O lançamento do novo livro de António Damásio na sua versão
portuguesa - “A estranha ordem das coisas” - começou esta última manhã de
outubro já o sol estava alto e o local do evento à pinha, como se costuma dizer.
Gente em pé era aos molhos que os lugares sentados, sendo muitos, já não havia.
Estimei oitocentas pessoas presentes, uma grande parte das quais alunos da escola
secundária.
Durante o discurso esteve um silêncio contínuo na sala, a ouvir, todo
igual. As palavras de António Damásio ligam os cérebros a que se dirige, o seu timbre de voz faz a massa de gente tornar-se uma, fruto
de encaixes perfeitos das suas partículas, humanas. Terminou deixando-nos num
transe uníssono, nem uma tosse se ouvia e, se os jovens não são de tossir
nestas ocasiões, também os donos de cabelos brancos não o foram. Havia agora lugar
para quatro perguntas de alunos da escola. A primeira foi posta e foi
respondida.
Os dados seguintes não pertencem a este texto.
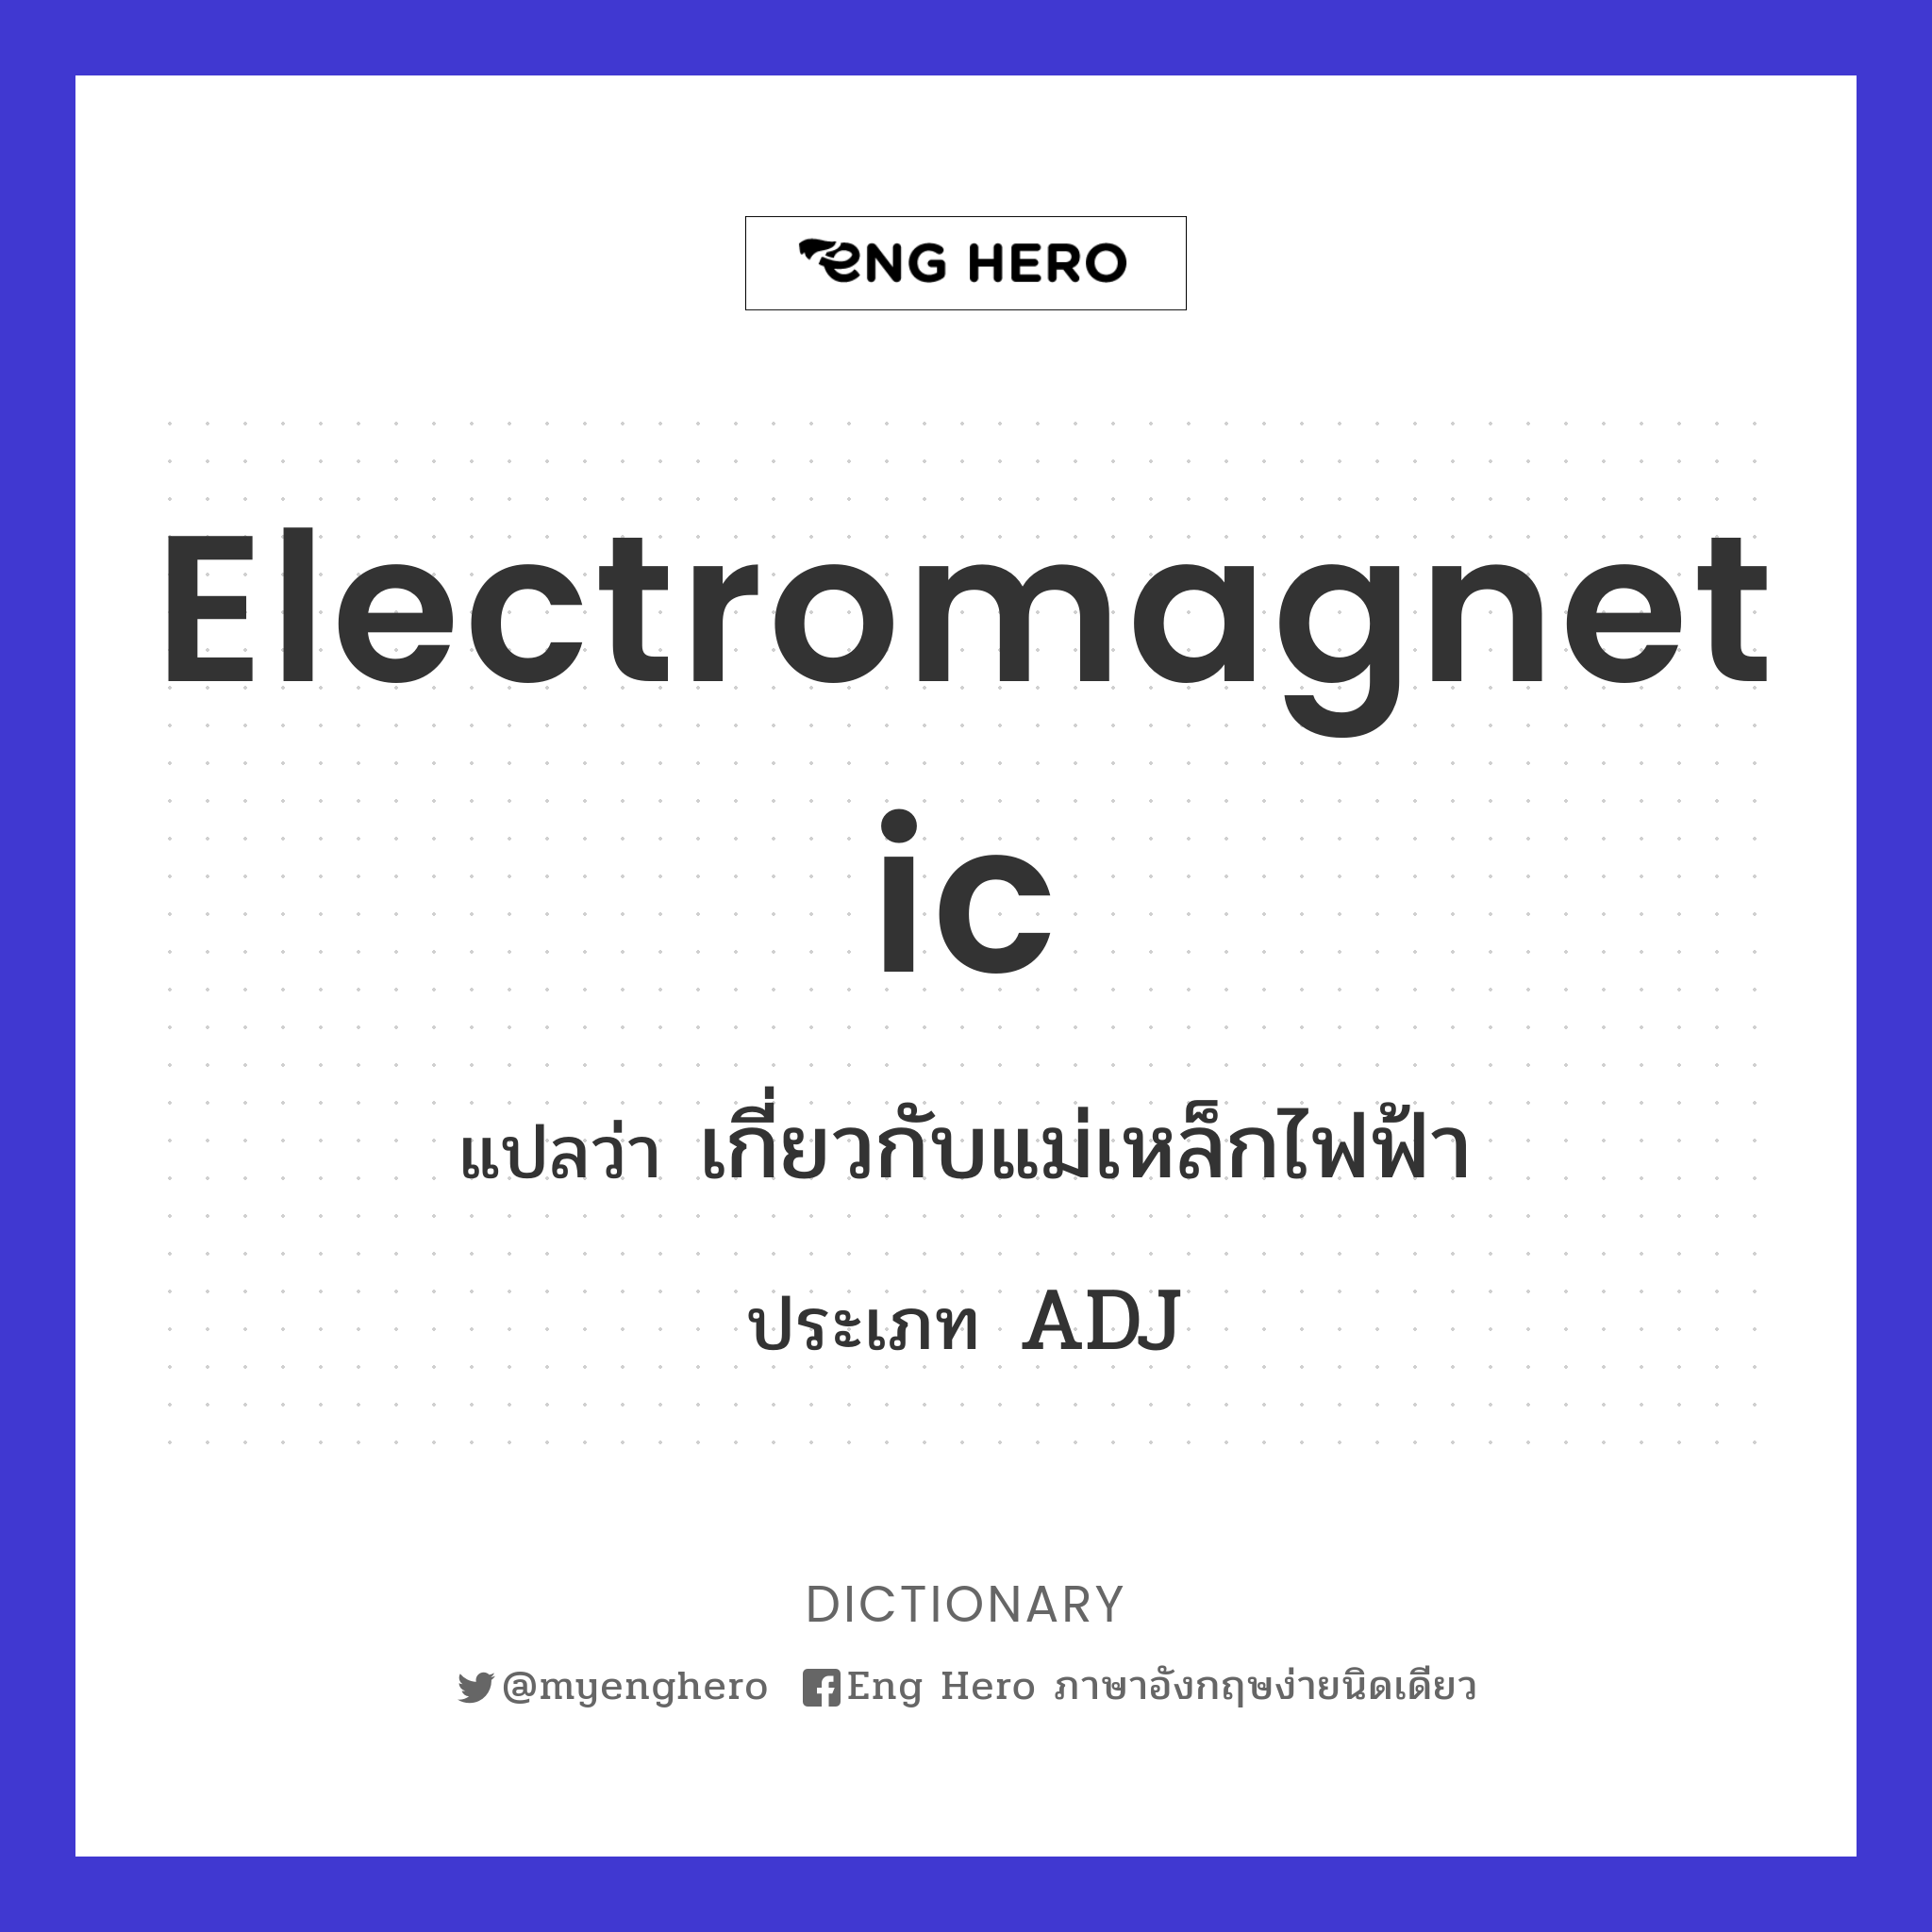 electromagnetic

Foi pedida a segunda pergunta.
E é quando aquela senhora se levanta da assistência e começa a
caminhar pela coxia que divide a plateia, dizendo urgências pouco percetíveis.
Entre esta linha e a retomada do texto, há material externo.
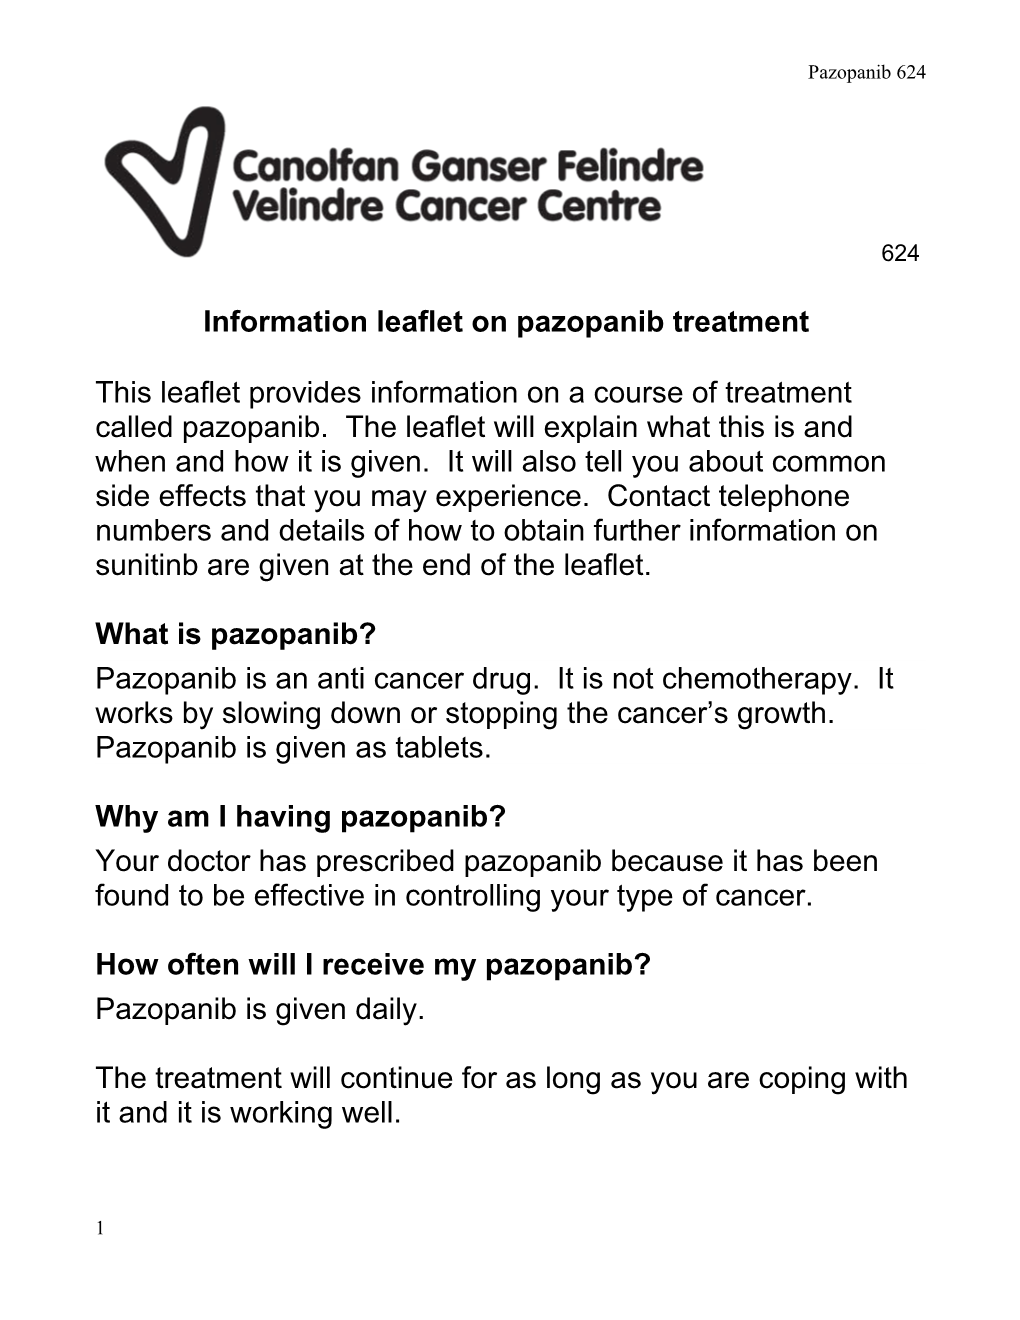 Information Leaflet on Pazopanib Treatment

Alguém da organização avançando para ela tentou detê-la mas a senhora desvia-se,
continua a andar aproximando-se do palco, a senhora o que deseja, não pode,
espere, pode esperar?, as perguntas são dos alunos…
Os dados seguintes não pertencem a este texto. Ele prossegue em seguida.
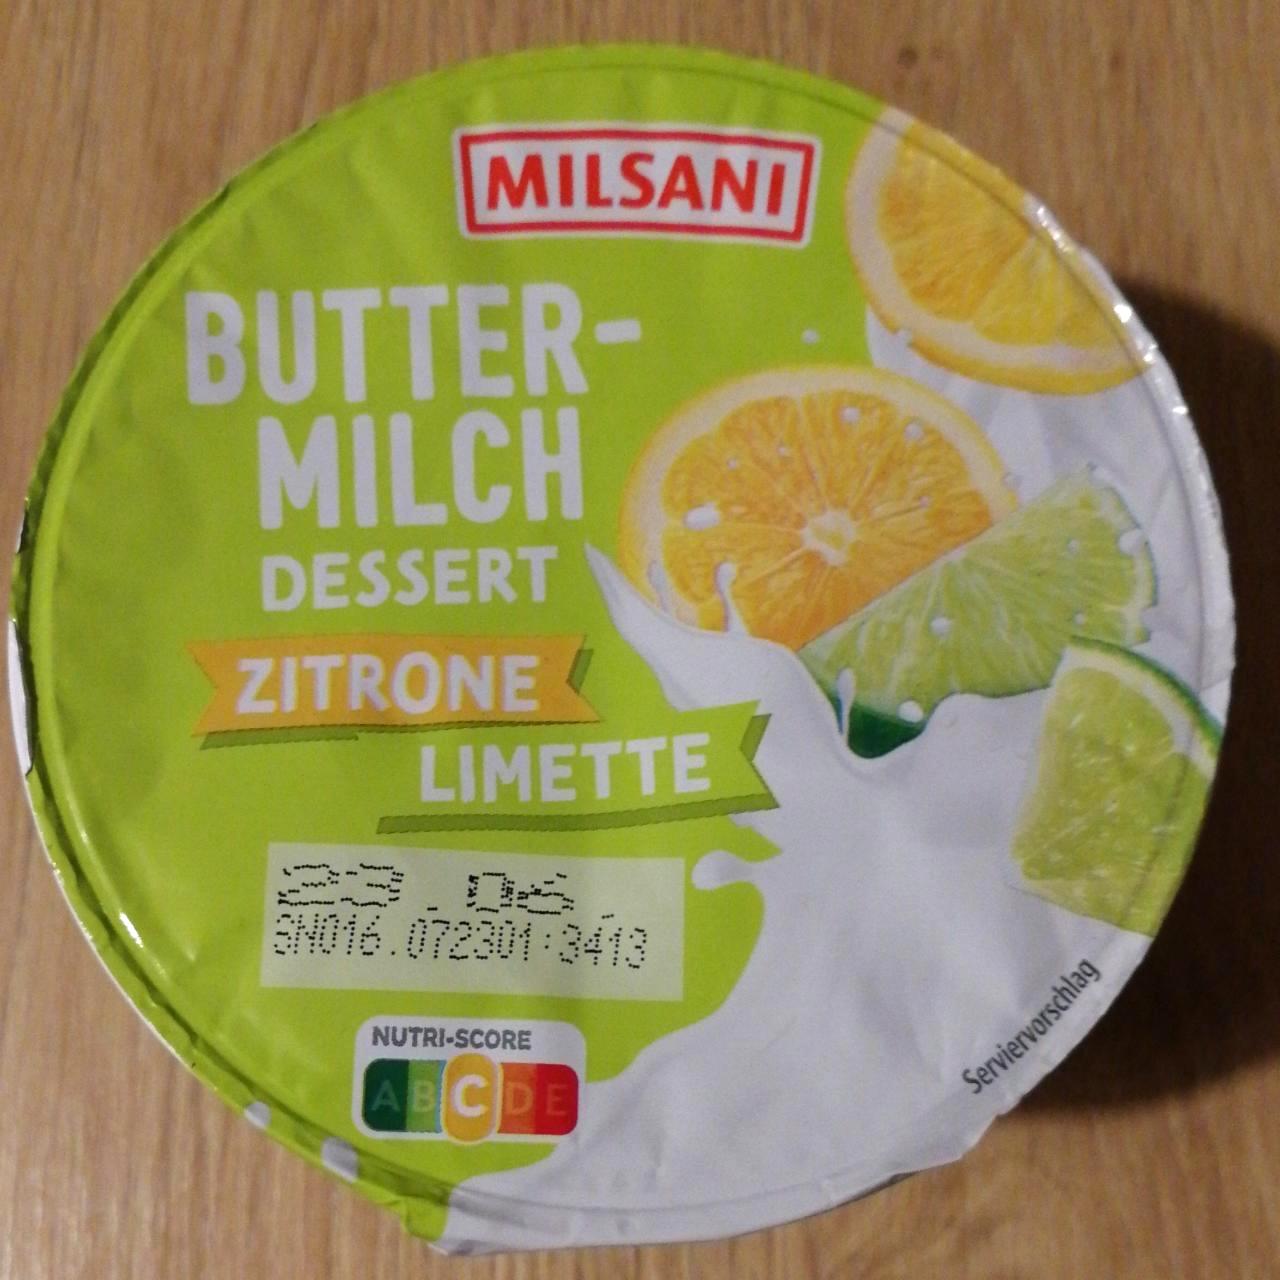 Képek - Író desszert Buttermilch dessert Zitrone-limette Milsani

- Não posso esperar, não – e para enfim, baixinha,
cabelo curto, óculos quadrados, nenhum ornamento para além da urgência latente e, com voz suplicante mas firme, disse – professor António Damásio,
o meu filho está no hospital entre a vida e a morte com um problema muito grave,
eu já tentei de tudo, só faltava vir aqui para lhe perguntar, o professor deve
saber, o que posso fazer mais por ele?
- Pode deixar aí o seu contacto e eu tratarei de encaminhar.
E deixo-a agora a ecoar aqui. Não podendo uma salva de palmas salvar o filho daquela senhora, salvou-a pelo menos a ela, naquele momento, de se sentir tão só na sua horrível dor. Tive a certeza.